This is a project of collecting postcards from all over the world.
Friday, September 30, 2011
Ireland - Cork City
Cork is now the third largest city in Ireland. It developed from a monastic settlement founded by St. Finbarr. Later a walled town was built on a marsh in the many chanelled River Lee. With its numerous bridges and backwaters, Cork has a picturesque continental air, yet it is one of Ireland's most progressive centres. Here also are the Shandon Bells, whose chimes (and the song that goes with them) are world famous.
Sent by Brunella, a postcrosser from Ireland.
This is from Wikipedia : Cork (Irish: Corcaigh, pronounced [ˈkorkɪɟ], from corcach, meaning "swamp") is the second largest city in the Republic of Ireland and the island of Ireland's third most populous city. It is the principal city and administrative centre of County Cork and the largest city in the province of Munster.

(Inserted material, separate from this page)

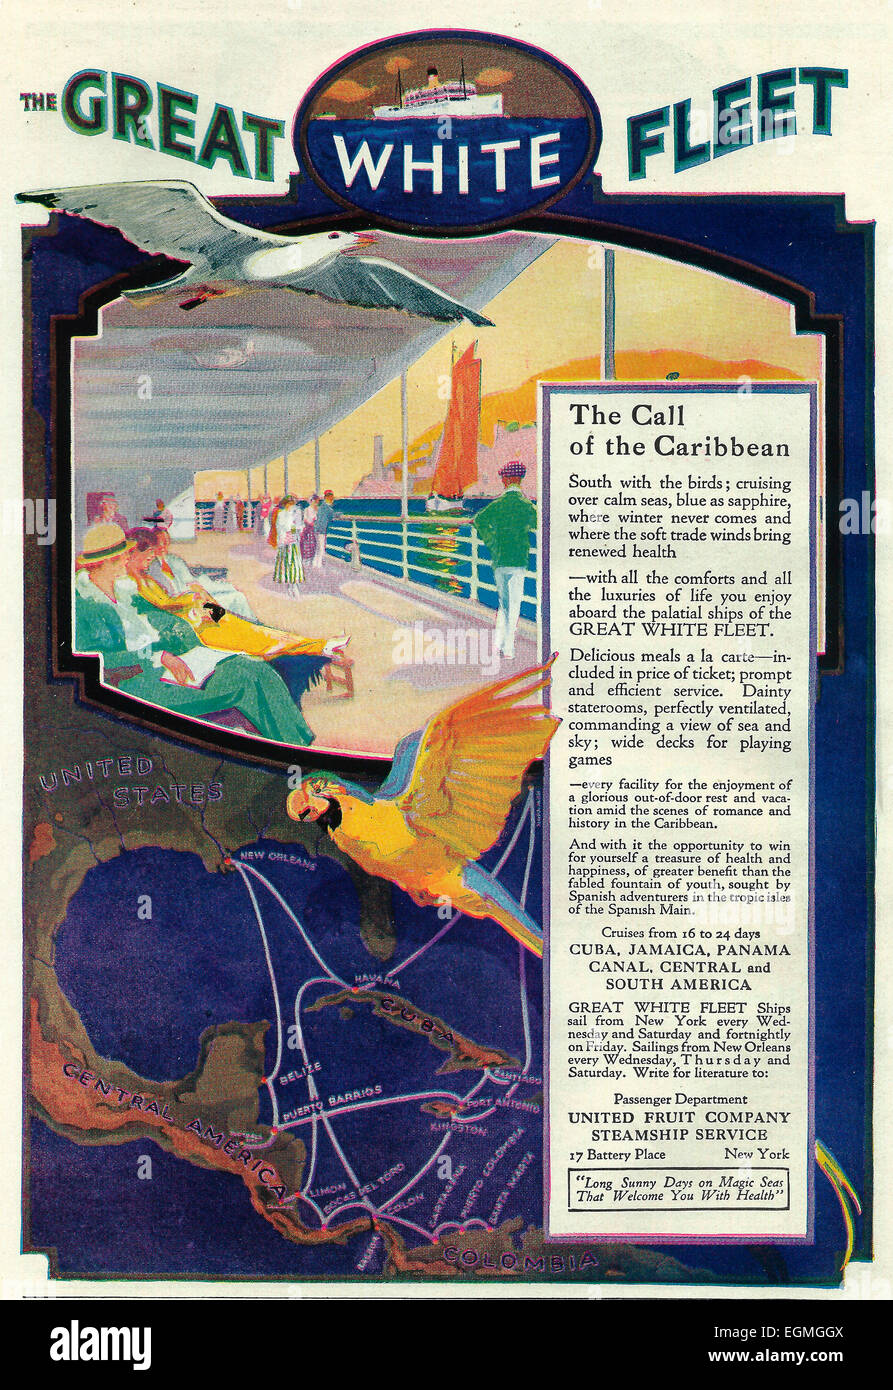 The Great White Fleet - The Call of the Caribbean - United Fruit Company Steamship Service - Cruise Advertisement 1916 Stock Photo

Cork has a population of 119,418, while the addition of the suburban areas contained in the county brings the total to 190,384. Metropolitan Cork has a population of approximately 274,000, while the Greater Cork area is about 380,000.
County Cork has earned the nickname of "the Rebel County", while Corkonians often refer to the city as the "real capital of Ireland", and themselves as the "Rebels".
The city is built on the River Lee which divides into two channels at the western end of the city. The city centre is located on the island created by the channels. At the eastern end of the city centre they converge; and the Lee flows around Lough Mahon to Cork Harbour, one of the world's largest natural harbours. The city is a major Irish seaport; there are quays and docks along the banks of the Lee on the city's east side.
Cork was originally a monastic settlement founded by Saint Finbarr in the 6th century. Cork achieved an urban character at some point between 915 and 922 when Norseman (Viking) settlers founded a trading port. It has been proposed that, like Dublin, Cork was an important trading centre in the global Scandinavian trade network.
The city's charter was granted by King John in 1185. The city was once fully walled, and some wall sections and gates remain today. For much of the Middle Ages, Cork city was an outpost of Old English culture in the midst of a predominantly hostile Gaelic countryside and cut off from the English government in the Pale around Dublin. Neighbouring Gaelic and Hiberno-Norman lords extorted "Black Rent" from the citizens in order to keep them from attacking the city. The present extent of the city has exceeded the medieval boundaries of the Barony of Cork City"; it now takes in much of the neighbouring "Barony of Cork". Together, these baronies are located between the Barony of Barrymore to the east, Muskerry East to the west and Kerryycurrihy to the south.
The city's municipal government was dominated by about 12–15 merchant families, whose wealth came from overseas trade with continental Europe – in particular the export of wool and hides and the import of salt, iron and wine. Of these families, only the Ronayne family were of Gaelic Irish origin. The medieval population of Cork was about 2,100 people. It suffered a severe blow in 1349 when almost half the townspeople died of plague when the Black Death arrived in the town. In 1491, Cork played a part in the English Wars of the Roses when Perkin Warbeck a pretender to the English throne, landed in the city and tried to recruit support for a plot to overthrow Henry VII of England. The mayor of Cork and several important citizens went with Warbeck to England but when the rebellion collapsed they were all captured and executed.
A description of Cork written in 1577 speaks of the city as, "the fourth city of Ireland" that is, "so encumbered with evil neighbours, the Irish outlaws, that they are fayne to watch their gates hourly ... they trust not the country adjoining [and only marry within the town] so that the whole city is linked to each other in affinity"
The title of Mayor of Cork was established by royal charter in 1318, and the title was changed to Lord Mayor in 1900 following the Knighthood of the incumbent Mayor by Queen Victoria on her visit to the City.
In the War of Independence, the centre of Cork was gutted by fires started by the British Black and Tans, and the city saw fierce fighting between Irish guerrillas and UK forces. During the Irish Civil War, Cork was for a time held by anti-Treaty forces, until it was retaken by the pro-Treaty National Army in an attack from the sea.